Skema KUR dan Penghapusan Piutang: Upaya Negara Dongkrak UMKM Naik Kelas
Perbaikan skema KUR dan penghapusan piutang macet UMKM menjadi kunci peningkatan ekonomi rakyat, namun implementasinya menghadapi berbagai tantangan serius yang perlu segera diatasi.

Apa, Siapa, Di mana, Kapan, Mengapa, dan Bagaimana? Kredit Usaha Rakyat (KUR) dan penghapusan piutang macet UMKM merupakan kebijakan afirmatif pemerintah untuk mendorong inklusi keuangan dan daya saing ekonomi rakyat. Namun, implementasinya di lapangan masih menghadapi berbagai hambatan, seperti permintaan agunan tambahan untuk KUR di bawah Rp100 juta, BI checking yang kaku, dan penolakan debitur tanpa catatan kredit sebelumnya. Hal ini menunjukkan komersialisasi KUR yang bertentangan dengan tujuan utamanya. Kebijakan penghapusan piutang macet juga menghadapi kendala teknis, sehingga realisasinya masih jauh dari target. Semua ini terjadi karena kurangnya pengawasan dan transparansi, serta kurangnya komitmen dari berbagai pihak terkait.

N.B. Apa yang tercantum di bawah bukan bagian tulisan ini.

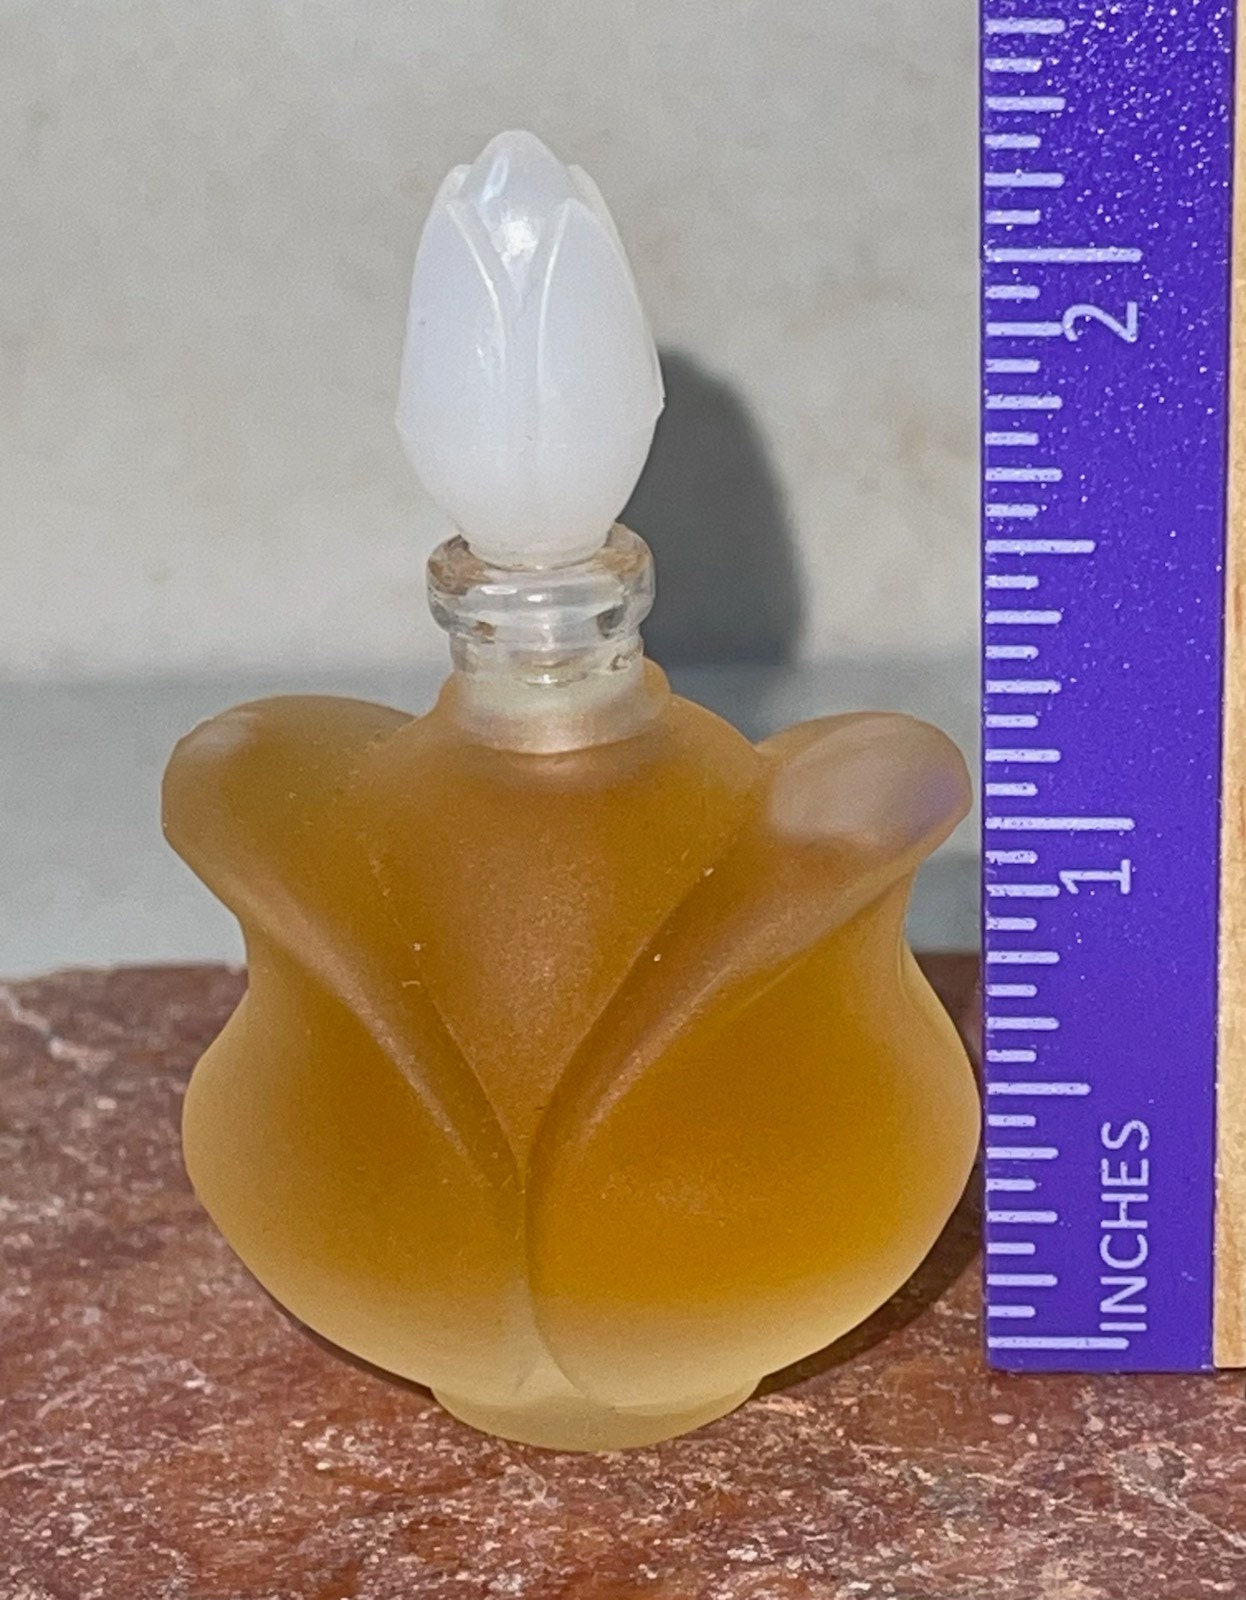 Vintage Ladies Lalique Miniature Perfume Bottles (3) - NWOB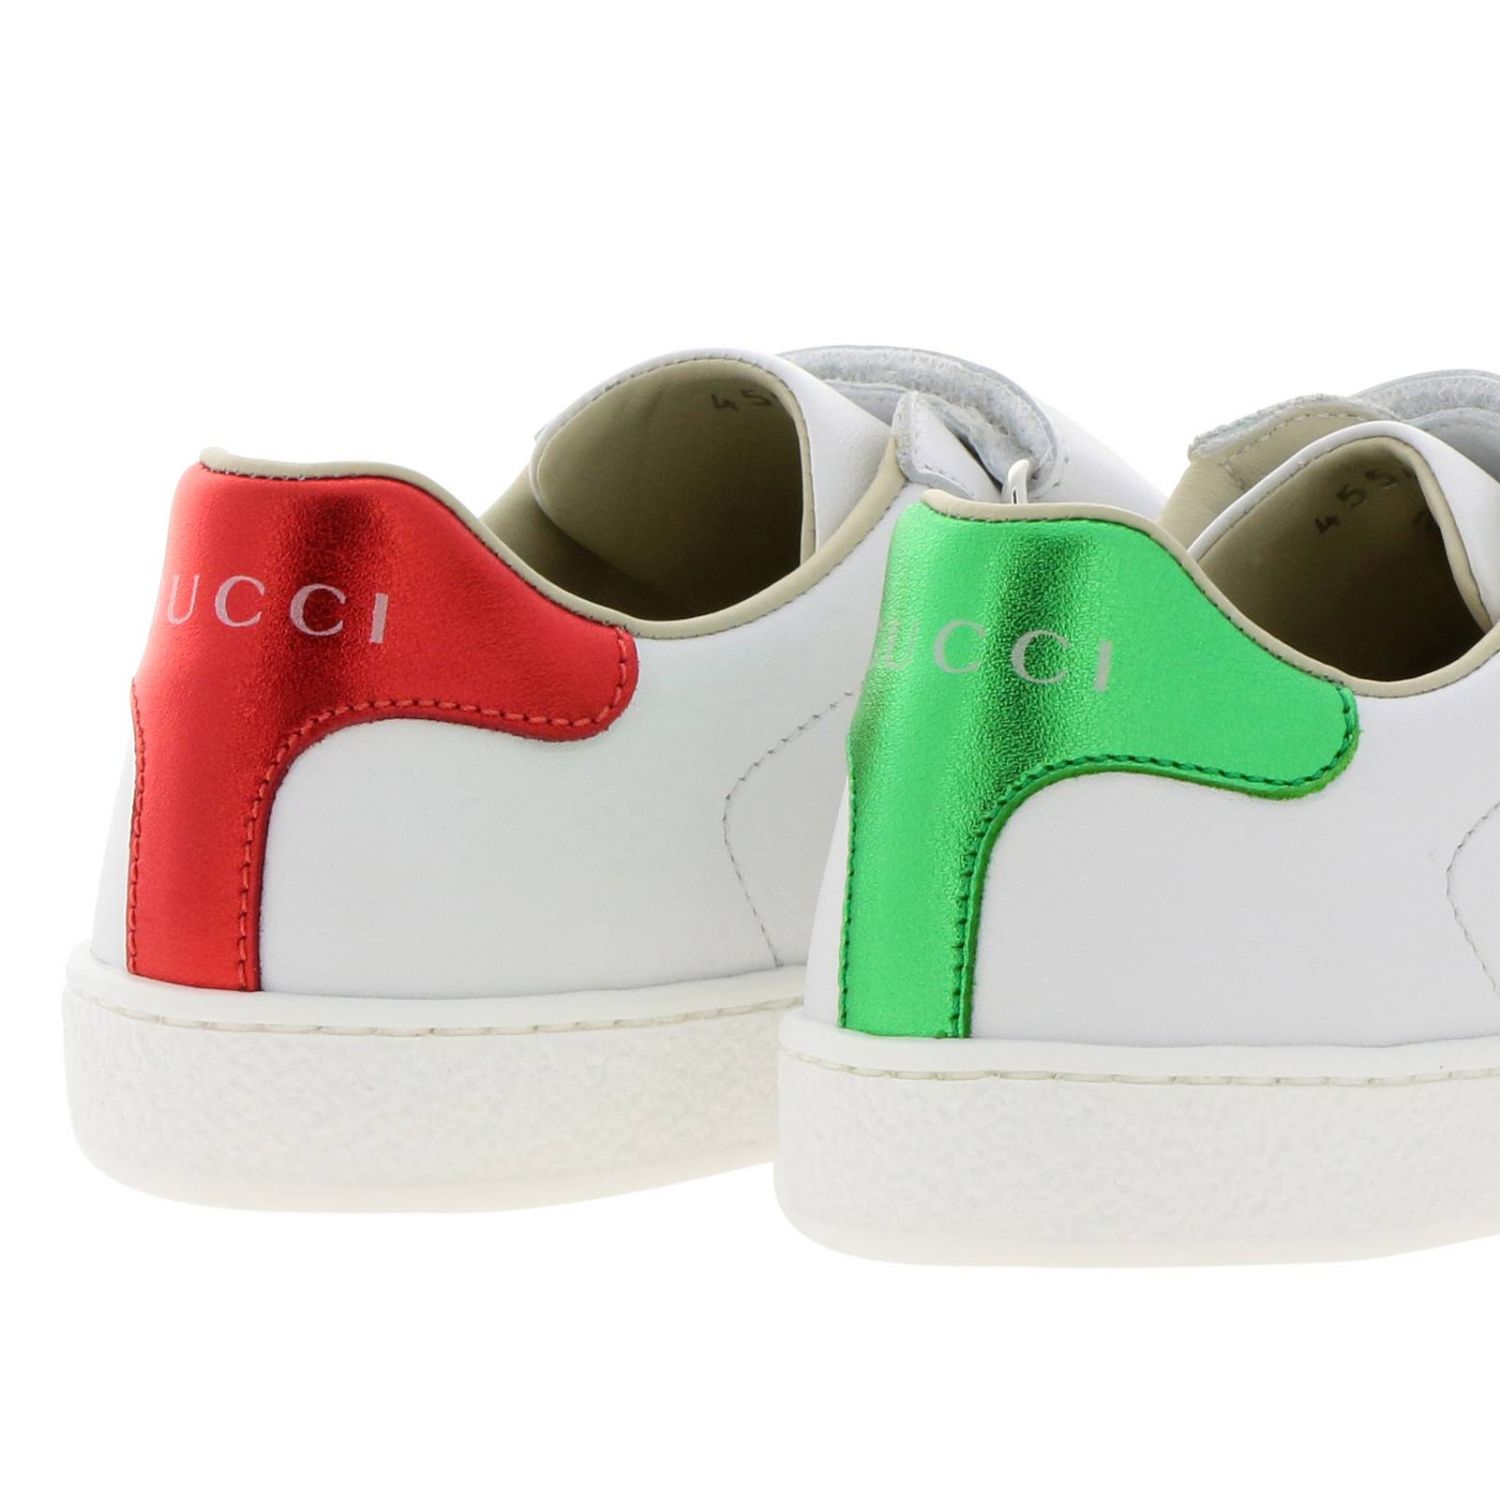 GUCCI: Shoes kids | Shoes Gucci Kids White | Shoes Gucci 455448 CPWP0 ...

Pemerintah berupaya mengatasi kendala tersebut melalui berbagai kebijakan, namun masih banyak pelaku UMKM yang kesulitan mengakses pembiayaan formal. Artikel ini membahas tantangan dan solusi untuk menata ulang skema KUR dan penghapusan piutang macet agar UMKM dapat naik kelas dan berkontribusi lebih besar bagi perekonomian nasional. Permasalahan ini menjadi sorotan mengingat pentingnya peran UMKM dalam perekonomian Indonesia, terutama di tengah krisis ekonomi global.
Pemerintah melalui berbagai kementerian dan lembaga terkait, termasuk perbankan, berupaya mengatasi permasalahan ini. Namun, diperlukan kolaborasi yang lebih kuat antara pemerintah, perbankan, dan masyarakat sipil untuk memastikan keberhasilan program KUR dan penghapusan piutang macet bagi UMKM. Keberhasilan program ini akan berdampak signifikan pada peningkatan ekonomi rakyat dan mengurangi kesenjangan ekonomi.
Tantangan Implementasi KUR dan Penghapusan Piutang UMKM
Salah satu tantangan utama dalam implementasi KUR adalah masih adanya permintaan agunan tambahan, meskipun peraturan telah menetapkan bahwa kelayakan usaha sudah cukup sebagai dasar pertimbangan. Hal ini menunjukkan adanya penyimpangan dari semangat KUR sebagai program keberpihakan kepada UMKM. Bank-bank seringkali memperlakukan KUR seperti kredit komersial biasa, sehingga menghambat akses UMKM terhadap pembiayaan yang mudah dan terjangkau.
Lebih lanjut, BI checking yang kaku dan penolakan debitur karena tidak memiliki catatan kredit sebelumnya juga menjadi kendala. Ini menunjukkan eksklusi struktural terhadap masyarakat yang paling membutuhkan dukungan. Kondisi ini jelas bertentangan dengan tujuan utama KUR untuk memperluas akses keuangan kepada kelompok yang tidak terlayani oleh perbankan.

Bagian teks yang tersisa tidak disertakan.